## [Recorded information]
* * * * * * * * *

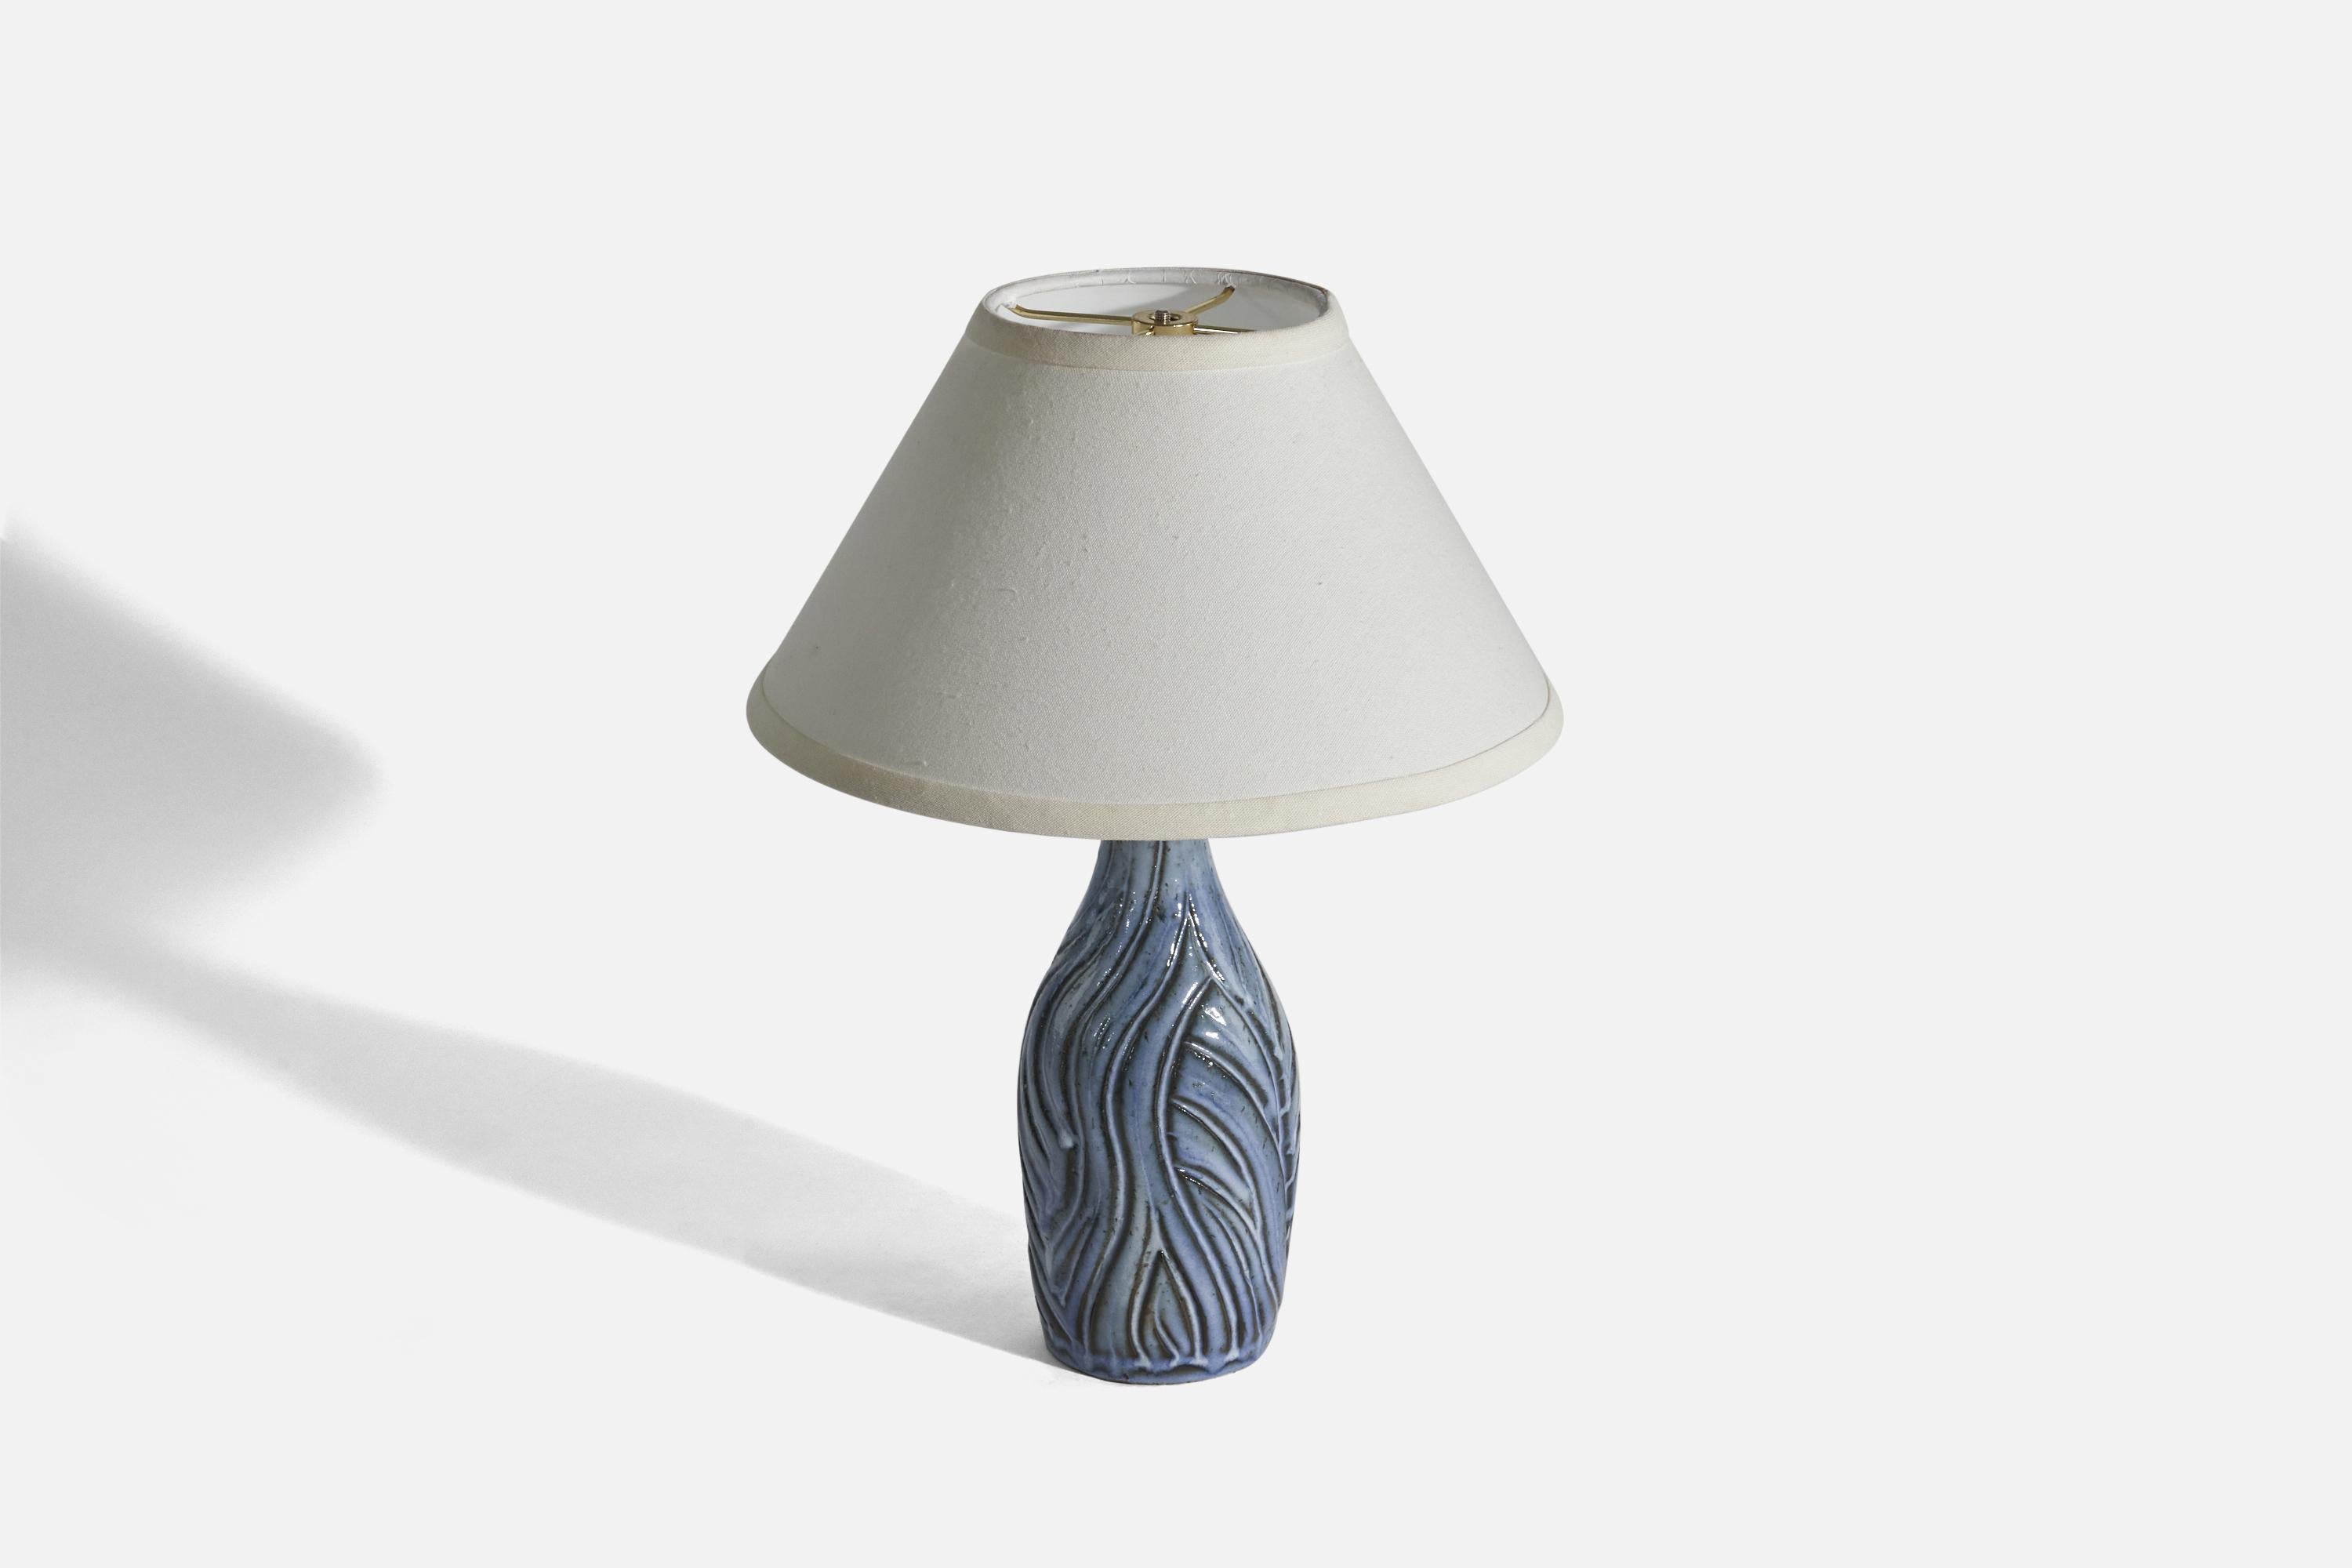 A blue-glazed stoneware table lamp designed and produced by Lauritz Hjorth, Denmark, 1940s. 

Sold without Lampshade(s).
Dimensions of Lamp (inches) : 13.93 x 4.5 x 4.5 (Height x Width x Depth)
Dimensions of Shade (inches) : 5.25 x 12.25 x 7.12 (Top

* * * * * * * * *

## [Exercise]
With images left out, the data must be transcribed exactly.

## [Reply to the task]
 A blue-glazed stoneware table lamp designed and produced by Lauritz Hjorth, Denmark, 1940s. 

Sold without Lampshade(s).
Dimensions of Lamp (inches) : 13.93 x 4.5 x 4.5 (Height x Width x Depth)
Dimensions of Shade (inches) : 5.25 x 12.25 x 7.12 (Top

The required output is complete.